Best App for Video-Only Courses?

I'm searching for the best authoring tool/authoring method for video-only courses that can be produced/exported in a SCORM-compliant ZIP package. I've read many forum/blog posts out there comparing various authoring tools, but I haven't read any that address the creation of a course made up of only a series of HD video with no interactive components. The only SCORM reporting requirement is "completion" marked by the viewing of 50% of the video lessons. 

My understanding is that Presenter/Studio/Captivate are made for more interactive courses that contain components such as click boxes, quizzes, etc. I find when I'm using an extremely low percentage of an application's features, or when I'm turning a lot of features off, there's likely a better way to go about it altogether. My courses are simply a string of videos that should be played from one to the next, advanced manually by the user.

Each course is made up of about 50 HD (1920x1080) videos, and I'm finding all of these apps to be sluggish and crash-prone when dealing with large video components, even on a very high-performance machine.

I'm wondering if anyone has had a similar experience and if there's another authoring tool, even a manual-code option, that might be a better way to go. Thanks!

8 Replies
Brian Hendrix

You might solve your problem by putting them on a video hosting service instead of embedding them.

In any case, you could also consider using a tool like Camtasia. It can package videos as SCORM objects.

You could download a trial version and see if it does the trick.

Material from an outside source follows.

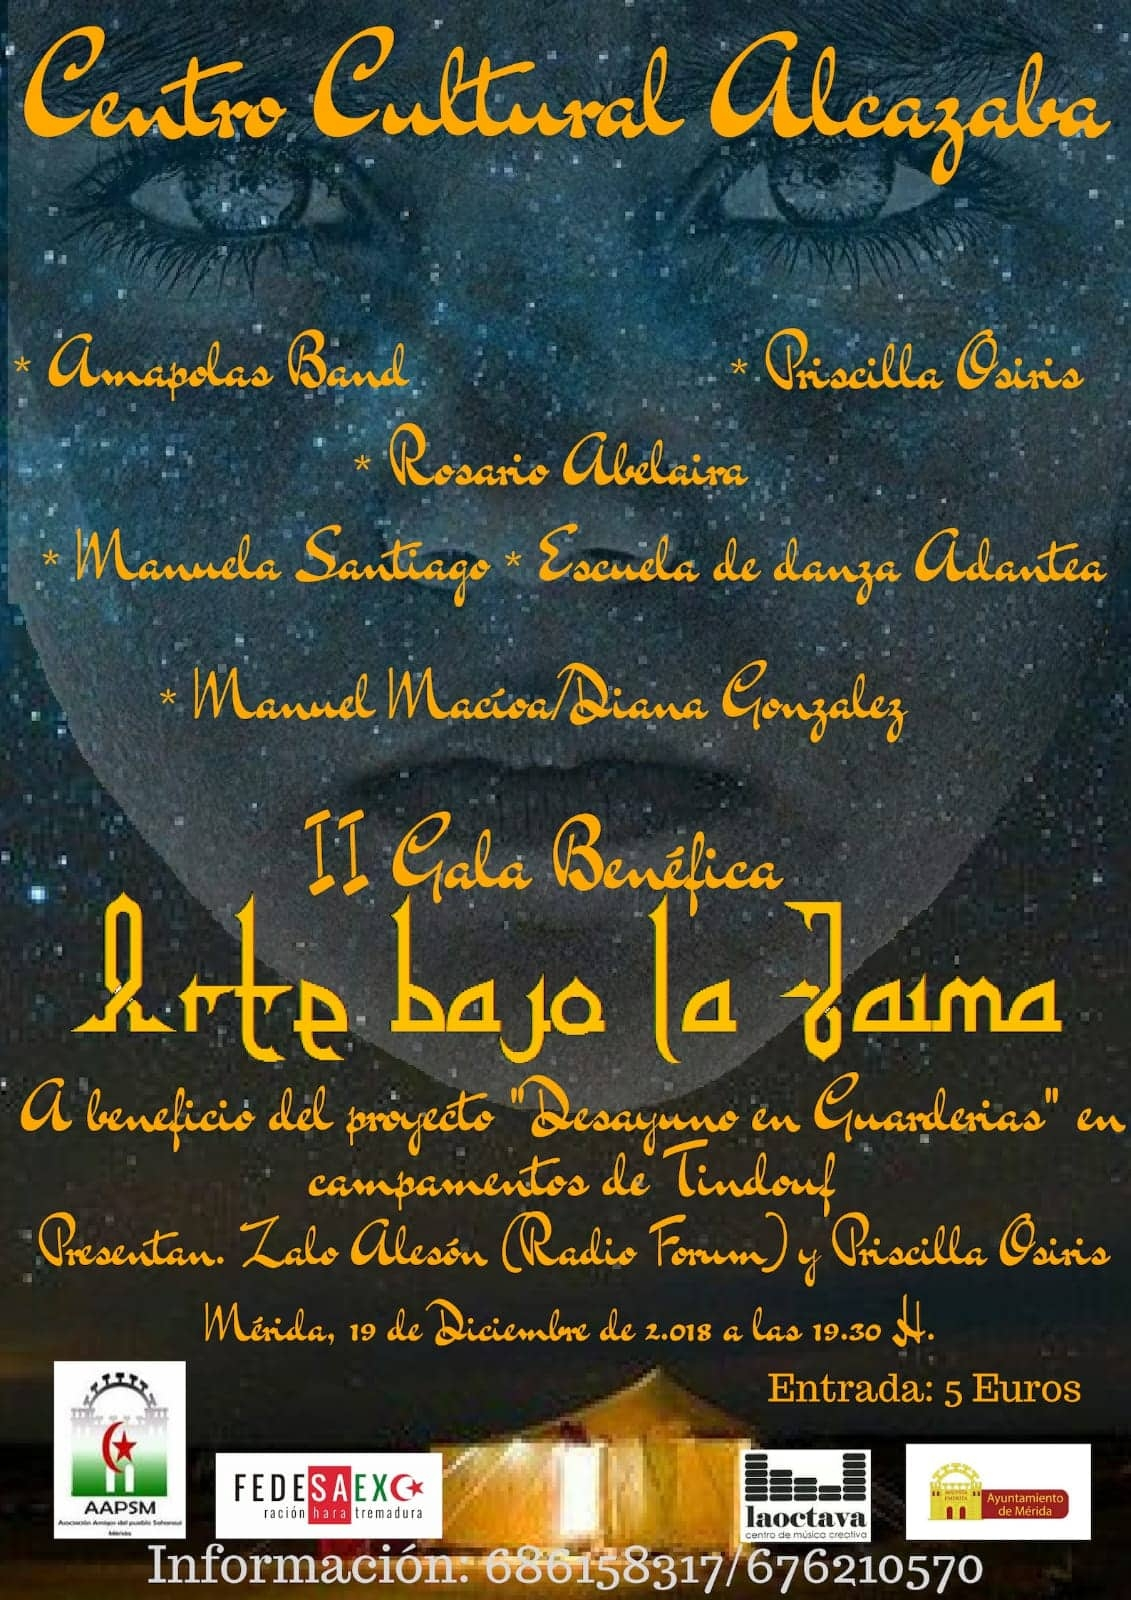 II Gala benéfica: Arte bajo la Jaima

If you just want something free which can create SCORM packages you could try this:

Wall Street Prep

Thanks Brian,

Would love to be able to embed from Vimeo/Youtube, but unfortunately I'm creating for a client who doesn't allow access to video hosting services :( ... 

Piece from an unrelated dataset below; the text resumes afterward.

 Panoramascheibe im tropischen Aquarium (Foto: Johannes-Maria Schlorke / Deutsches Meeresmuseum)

Have you used Camtasia before for something like this? I explored that option a bit, but it seemed it was made more for exporting single videos as SCORM vs gathering 40/50 large MP4s and packaging them as one course? I should've added in my original post that the table of contents produced by tools like Presenter or Captivate is also a requirement... There does need to be some clickable TOC/navigation so users can see where they're at. 

Brian Hendrix

Let me get back with you on that after I give it a try. Camtasia is on the laptop back at home.

I normally use markers in a single video to indicate different items in the TOC but I need to make sure it also allows multiple videos.

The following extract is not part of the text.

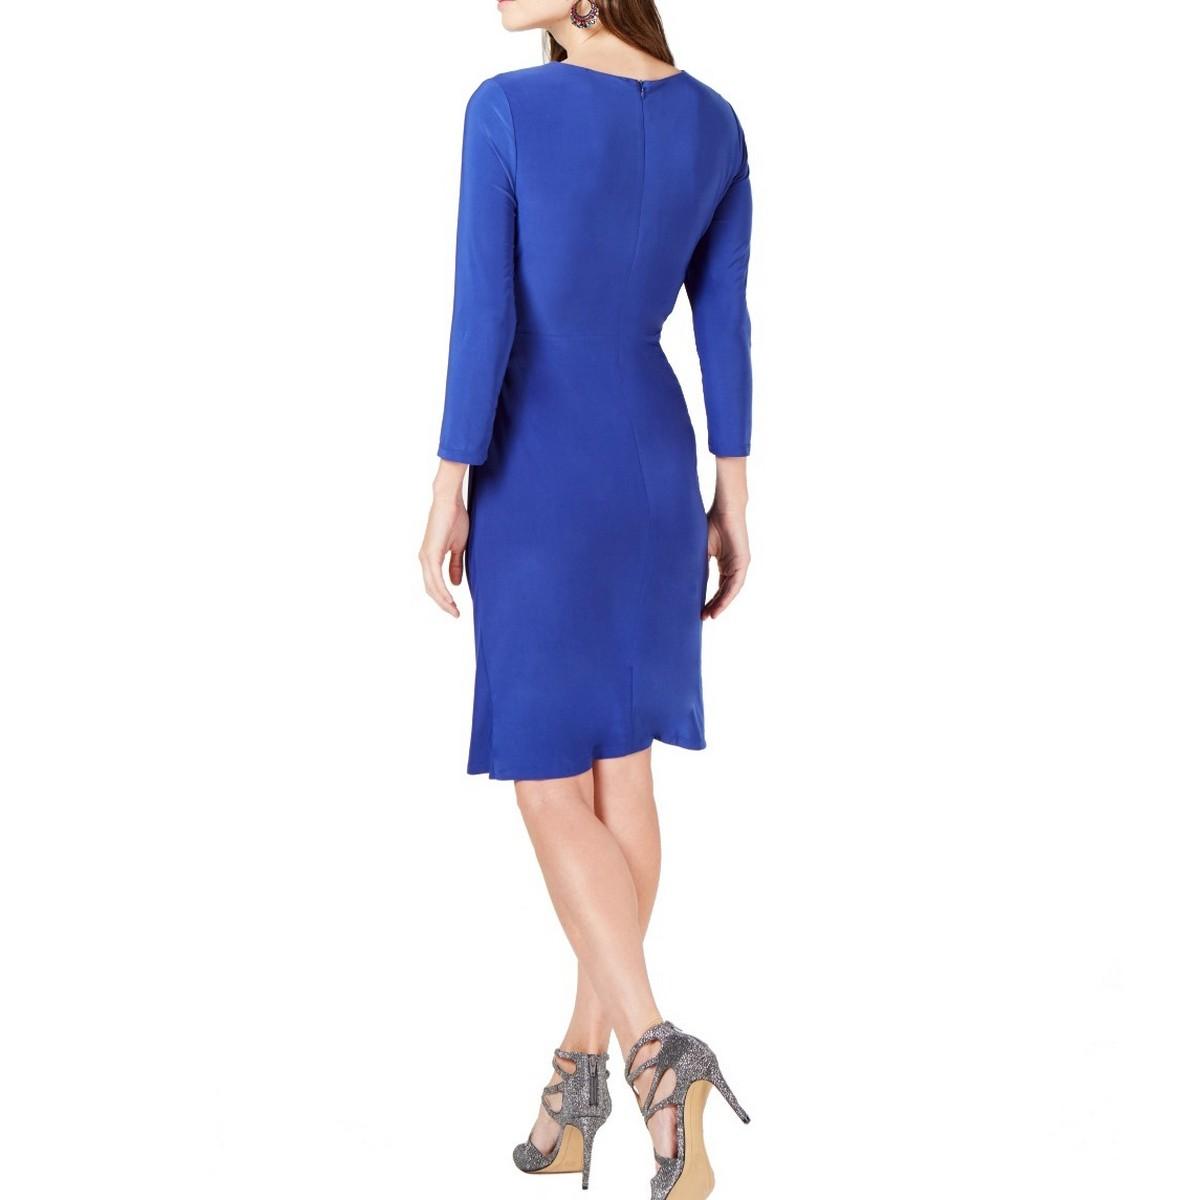 INC-NEW-Women-039-s-Solid-Ruched-3-4-sleeve-V-Neck-Sheath-Dress-TEDO thumbnail 6

The lag that you are mentioning though is probably not an issue with Storyline or Captivate. You may be running up against some bandwidth and hardware issues because essentially you are attempting to stream video from the LMS.

Would getting them to allow a private video hosting service through the firewall be an option?


Brian Hendrix

Well Camtasia packages each video as an individual SCORM package so that won't do the trick by itself.

You could try generating each video as an individual SCORM package (in Storyline) and then use Simple SCORM Packager (  to combine them. That might allow each video to stream individually as the SCORM objects are accessed. That might work.

Brian Allen
Scott McCarthy

Each course is made up of about 50 HD (1920x1080) videos, and I'm finding all of these apps to be sluggish and crash-prone when dealing with large video components, even on a very high-performance machine.

My experience in working with any of these authoring tools, including Camtasia, is that loading this much video into one "course" will result in instability of the app.  It seems to be just a little more than what they're designed for.

If your client will not support streaming from youtube or vimeo, it's possible that they have an internal server that the videos can be loaded and served from. If so, that would allow you to use a tool like Storyline and load each video into a web object. Then you can use Storyline's tracking to require 50% of the videos have been viewed, etc.

Here's more info on web objects...

Brian Allen

I would also question if the videos need to be full HD...  Most modern monitors display a max resolution of 1920x1080, and if the player takes up any of that space (along with the operating system taskbar, etc.) then there is no way that the videos are being displayed to the end user in full HD, unless they're being popped out of the player in some way.

Compressing the videos to something smaller, even 720P, would cut down on a bit of the file size, as well as make pre-loading easier on the user end. 

In all reality, even 720P is probably over doing it a little...  I would probably consider reducing the frame size and file size of the videos.